My new mare that i just got is slightly pigeon toed. It does not seem to affect her movement & i know that the family who had her before me trail rode her a lot. We ride on some pretty difficult terrain & im just wondering if i should be concerned with this? Will it cause her to more easily trip or injure herself? Are there extra precautions i should take? Like i said i dont think its really severe and she moves beautifully. She was used in cutting & has also done barrels and poles & its never affected her that im aware of. Just seeing if anyone has a horse that has the same thing & wanted to just talk to someone about it. I will try to get a picture up.
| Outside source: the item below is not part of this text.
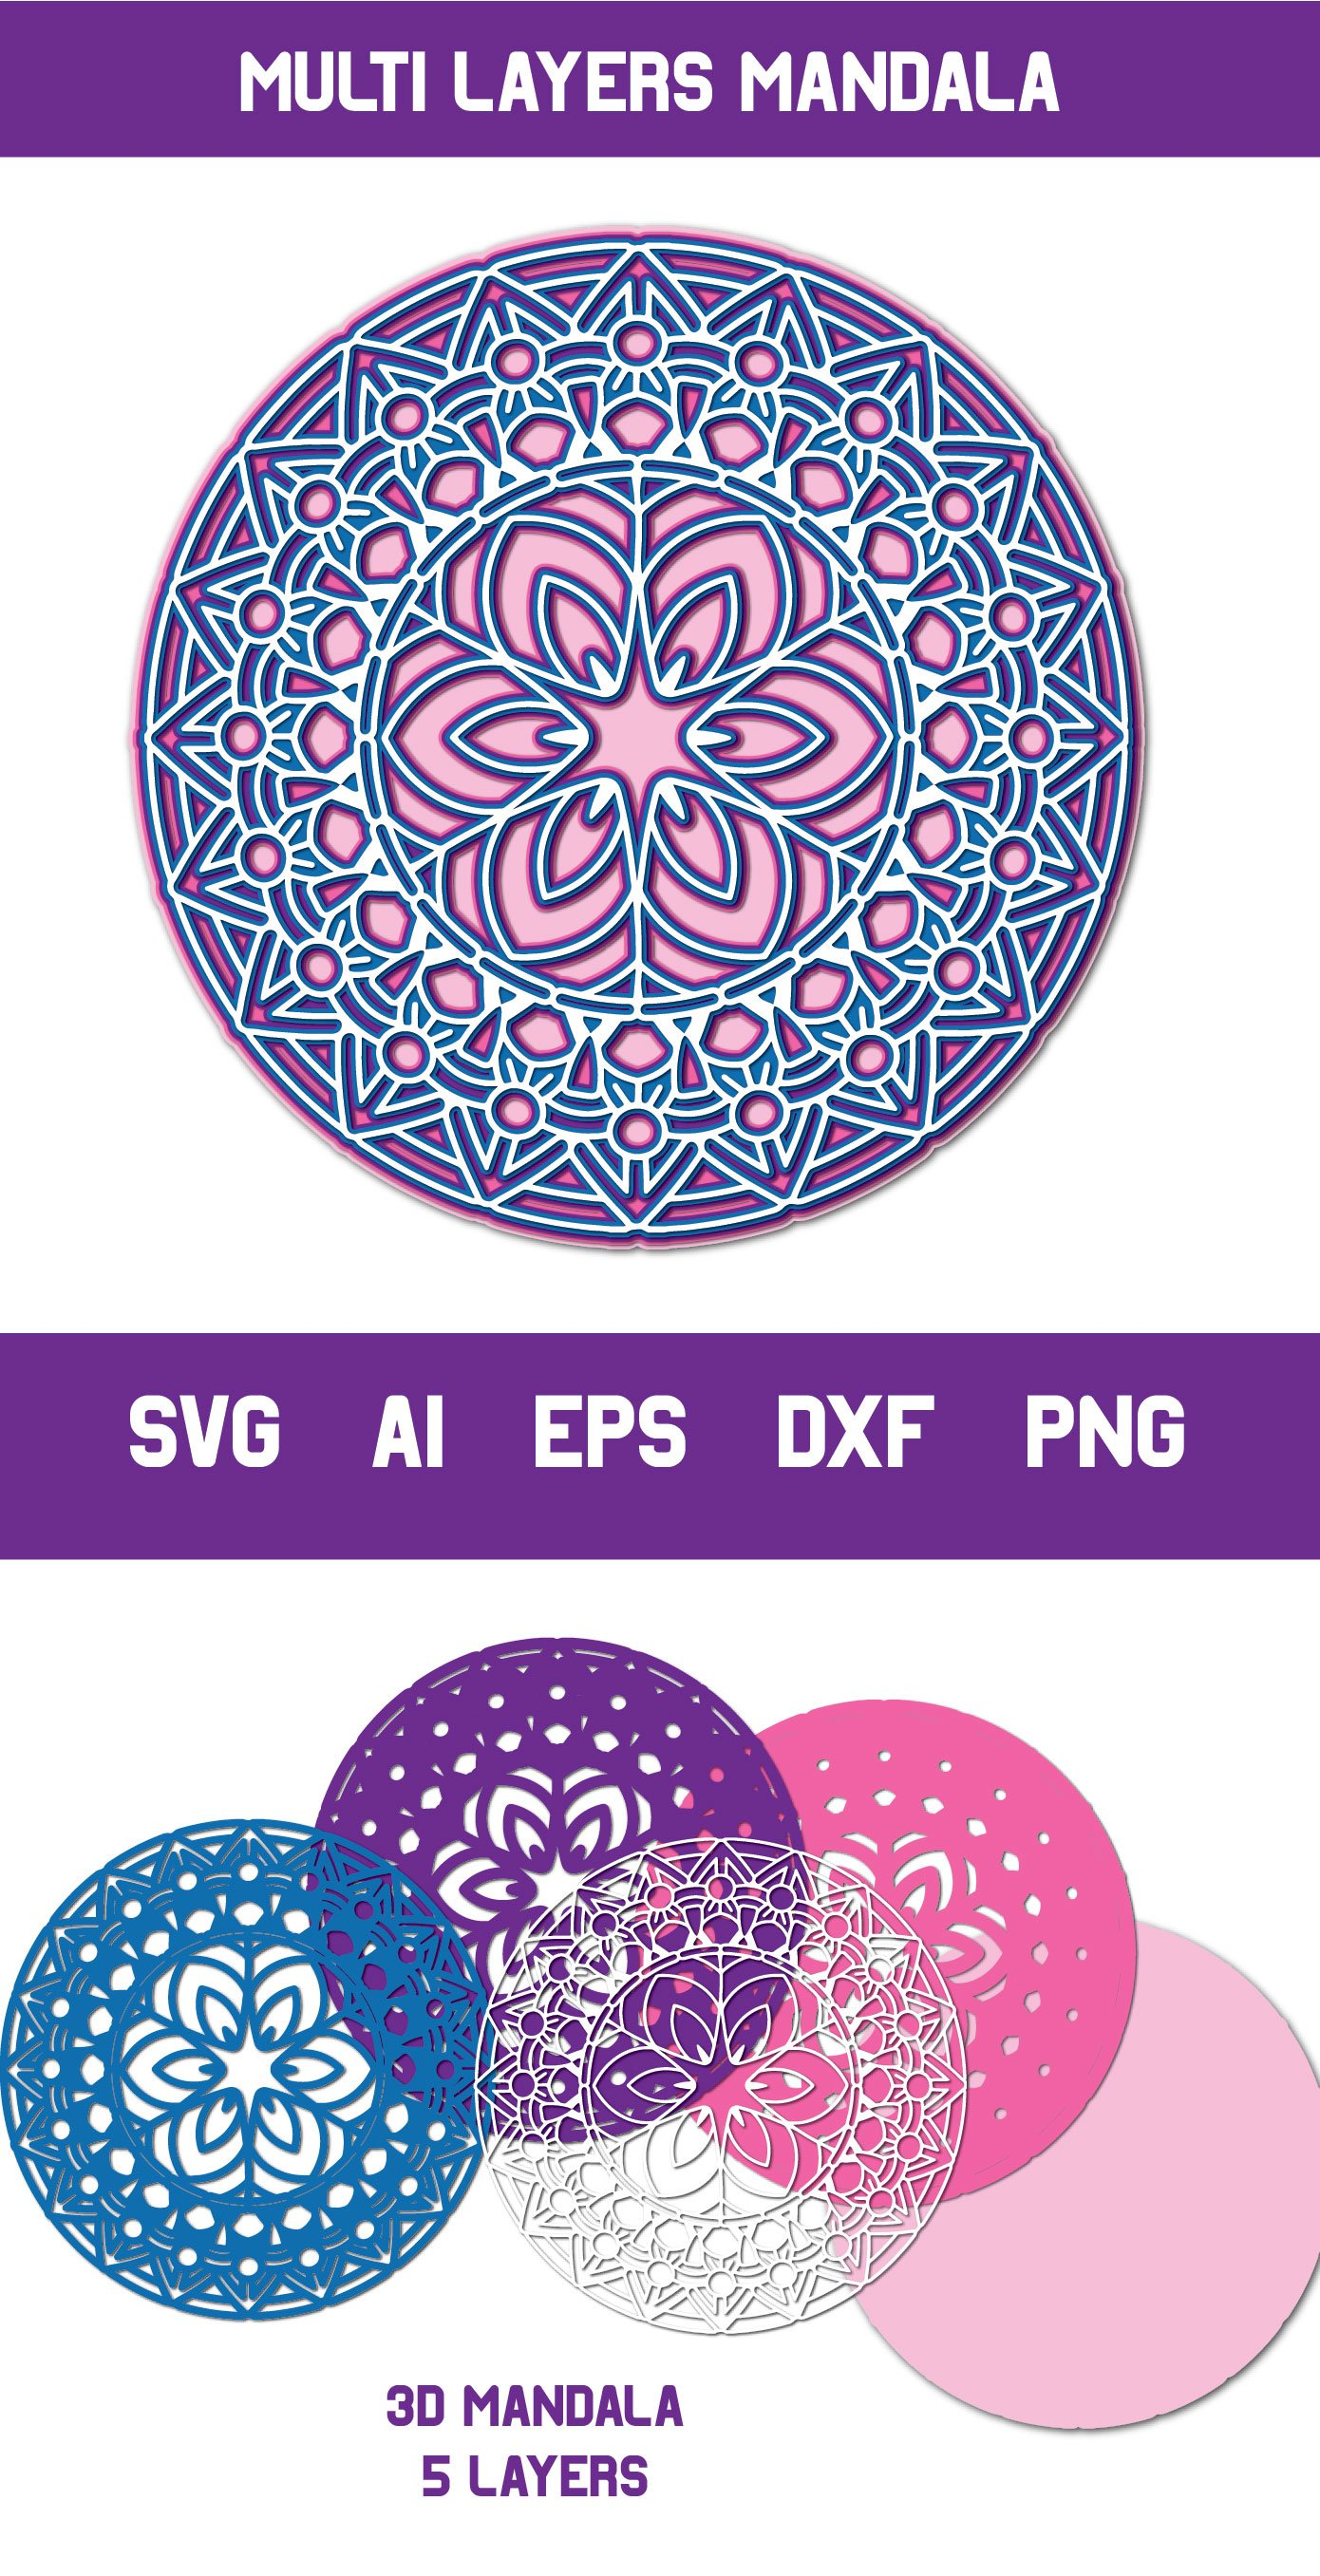 113+ 3D Mandala Svg Free – SVG,PNG,DXF,EPS include

Opinions please and thanks


----------



## HSQuarterHorses (Jun 19, 2012)




----------



## Skyseternalangel (Jul 23, 2011)

Edit: nevermind!

I think she should be okay. If she starts tripping then I'd stay to footing that isn't so uneven


----------



## WesternTale (Jun 14, 2012)

Well, when it comes to these types of questions.. It's usually based on the horse.

~ I don't know how you're horse walks.

~ I don't know you're horses fitness.

~ I don't know how you ride.

~ I don't know what type of terrain you ride on.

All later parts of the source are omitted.